Evelyne Adam, une pionnière de l’écologie pratique
Evelyne Adam a consacré plus de trente ans à expérimenter une autre manière d’habiter la Terre. Elle a développé dans les années 1990 un concept simple et radical : la Kerterre, un petit habitat écologique construit à partir de matériaux naturels.
Son objectif ne consistait pas à créer une nouvelle mode architecturale. Elle voulait surtout réconcilier l’humain avec son environnement.
Elle répétait souvent que chacun devait trouver sa propre manière d’habiter la Terre. Car, selon elle, il existe autant de solutions que d’êtres humains.
Son travail repose donc sur trois idées simples :
- vivre avec la nature et non contre elle
- réduire son impact écologique
- construire avec des matériaux simples et locaux
Cette approche a touché des milliers de personnes. Car elle propose une alternative concrète au modèle dominant du béton et de l’urbanisation.
La naissance des Kerterres
Le mot Kerterre vient du breton.
- Ker signifie maison
- Terre rappelle la matière et le lien au sol
La Kerterre est donc littéralement une maison de terre.
Evelyne Adam a imaginé ce concept en Bretagne, après plusieurs années de recherche autour des habitats naturels. Elle cherchait un modèle d’habitat :
- simple à construire
- accessible financièrement
- respectueux du vivant
Elle a alors conçu une structure originale : un dôme organique construit à la main.
Contrairement aux maisons classiques, la Kerterre ne possède :
- ni charpente
- ni coffrage
- ni fondation en béton
La structure repose directement sur le sol. Elle utilise un mélange de chanvre et de chaux pour former les murs.
Cette technique donne naissance à des formes rondes et naturelles qui s’intègrent dans le paysage.
Une architecture inspirée de la nature
Les Kerterres se distinguent immédiatement par leur forme.
Elles ressemblent à de petits dômes sculptés.

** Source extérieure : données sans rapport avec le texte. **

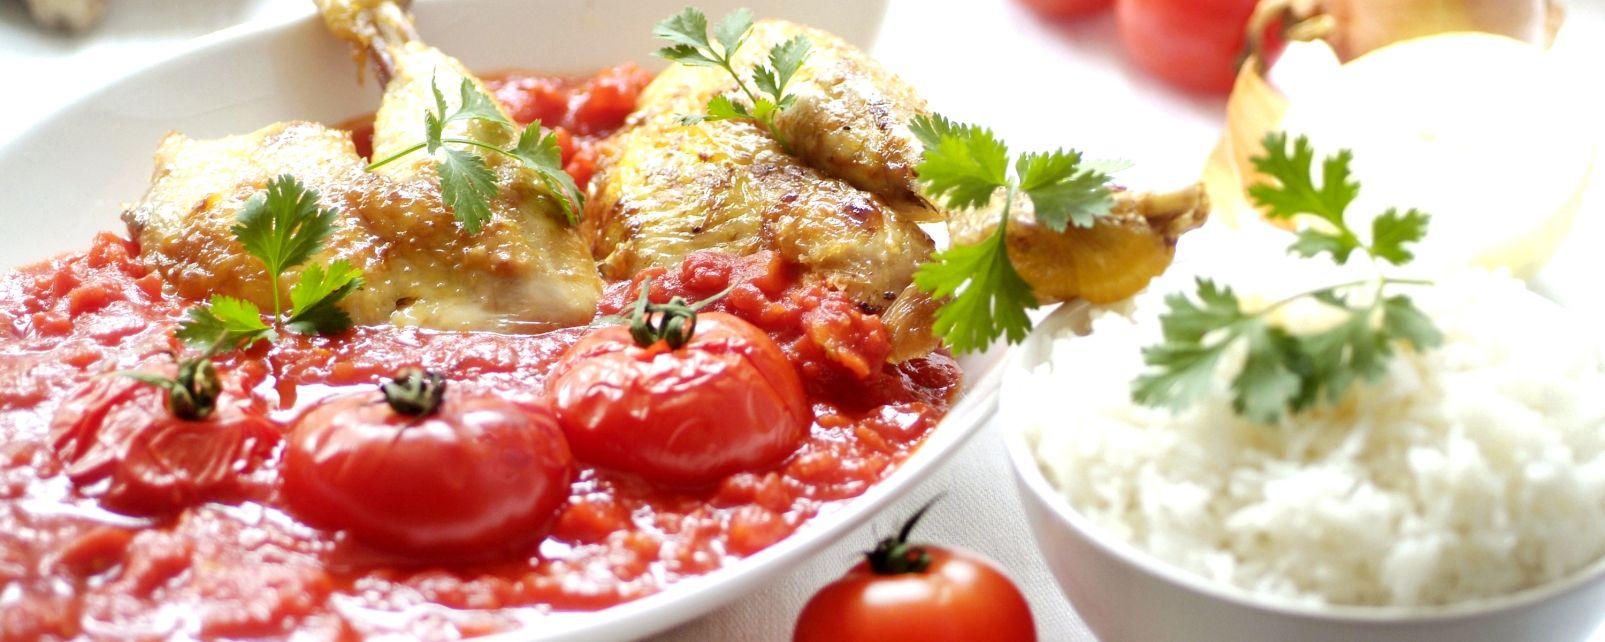 Mauritian cuisine, Mauritius, Mauritian cuisine, Arts and culture, Mauritius

Leur aspect rappelle :
- les igloos
- les coquillages
- les habitations primitives
Cette forme n’est pas un simple choix esthétique.
Elle présente plusieurs avantages :
| Caractéristique | Avantage écologique |
|---|---|
| Forme arrondie | Résiste mieux aux forces naturelles |
| Murs épais | Isolation thermique naturelle |
| Matériaux naturels | Faible empreinte écologique |
| Absence de béton | Respect du sol |
Ainsi, la Kerterre fonctionne comme un organisme vivant.

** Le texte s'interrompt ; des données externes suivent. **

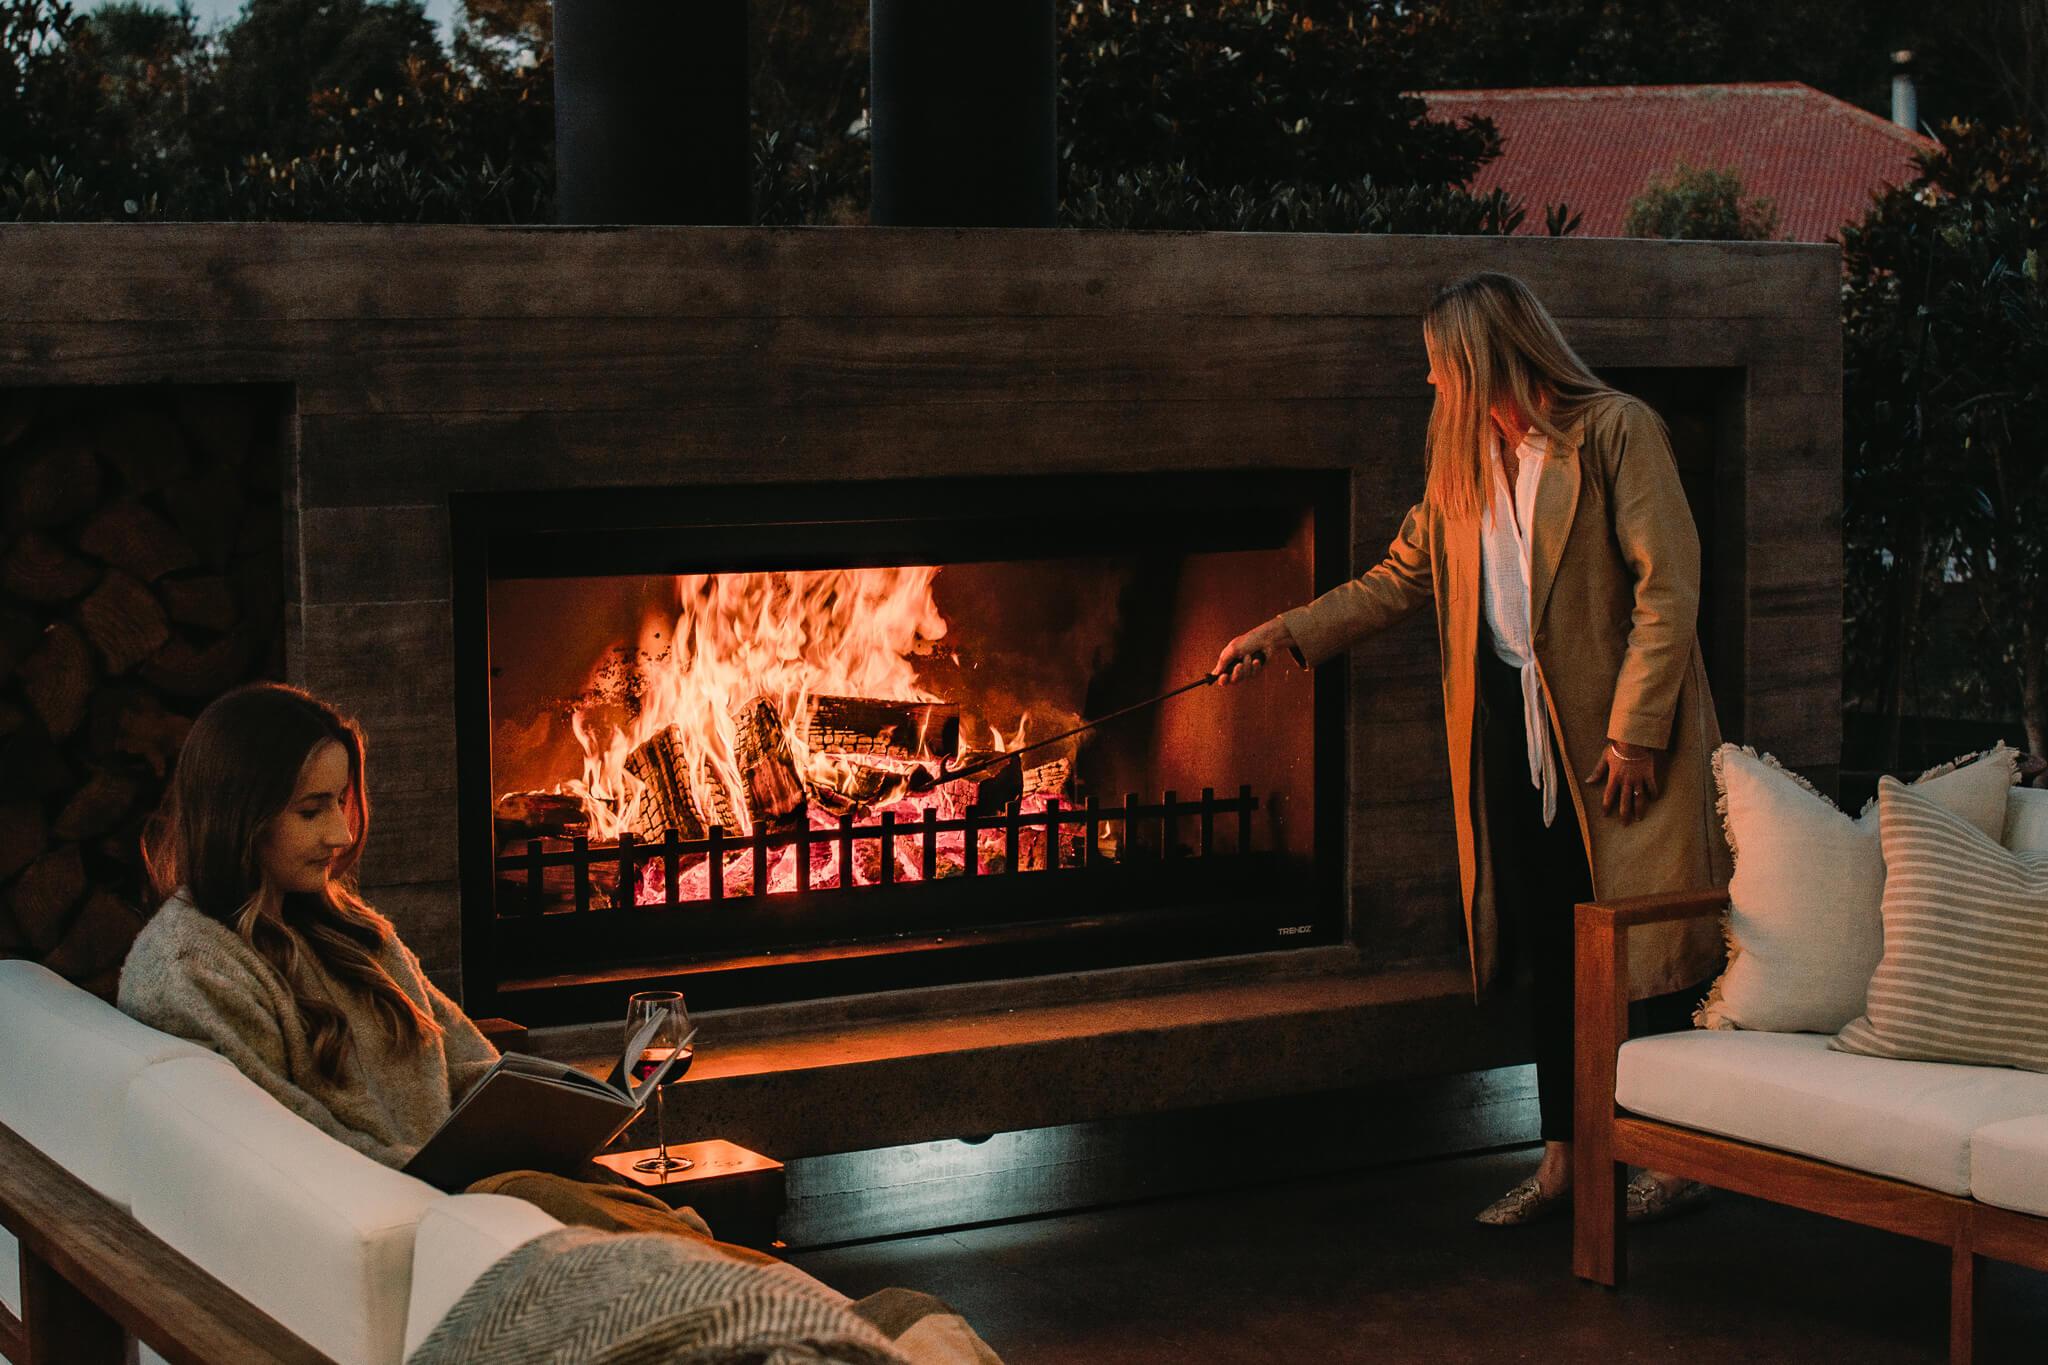 Twin Peak Large Outdoor Fireplace

Elle régule naturellement la température et l’humidité. Elle protège du froid en hiver et garde la fraîcheur en été.
Une construction simple et accessible
Une des forces du projet d’Evelyne Adam réside dans la simplicité de la construction.
Une Kerterre peut être bâtie en quelques jours ou quelques semaines selon sa taille.
La méthode repose sur un geste simple : empiler et modeler des boudins de chanvre mélangés à de la chaux.
Cette technique présente plusieurs avantages :
- elle ne nécessite pas de machines lourdes
- elle demande peu d’outillage
- elle permet une construction participative
Ainsi, beaucoup de Kerterres ont vu le jour lors de chantiers collectifs.
Ces moments deviennent souvent des expériences humaines fortes. Les participants découvrent qu’ils peuvent construire eux-mêmes leur habitat.
Une philosophie : l’habitat bonifiant
Pour Evelyne Adam, la Kerterre ne représente pas seulement un logement.
Elle incarne une philosophie qu’elle appelait l’habitat bonifiant.
Cette idée repose sur un principe simple :
L’habitat doit améliorer la vie autour de lui.
Ainsi, une construction ne doit pas seulement limiter les dégâts. Elle doit aussi enrichir son environnement.
Cela passe par plusieurs actions :
- préserver les sols
- favoriser la biodiversité
- utiliser des matériaux naturels
- créer des espaces nourriciers
Autour des Kerterres, Evelyne Adam développait souvent des jardins sauvages et nourriciers. Ces lieux devenaient des oasis de biodiversité.
L’habitat et le paysage formaient alors un tout cohérent.
Une influence majeure dans l’écoconstruction
Au fil des années, les Kerterres ont attiré l’attention de nombreux acteurs de l’écologie.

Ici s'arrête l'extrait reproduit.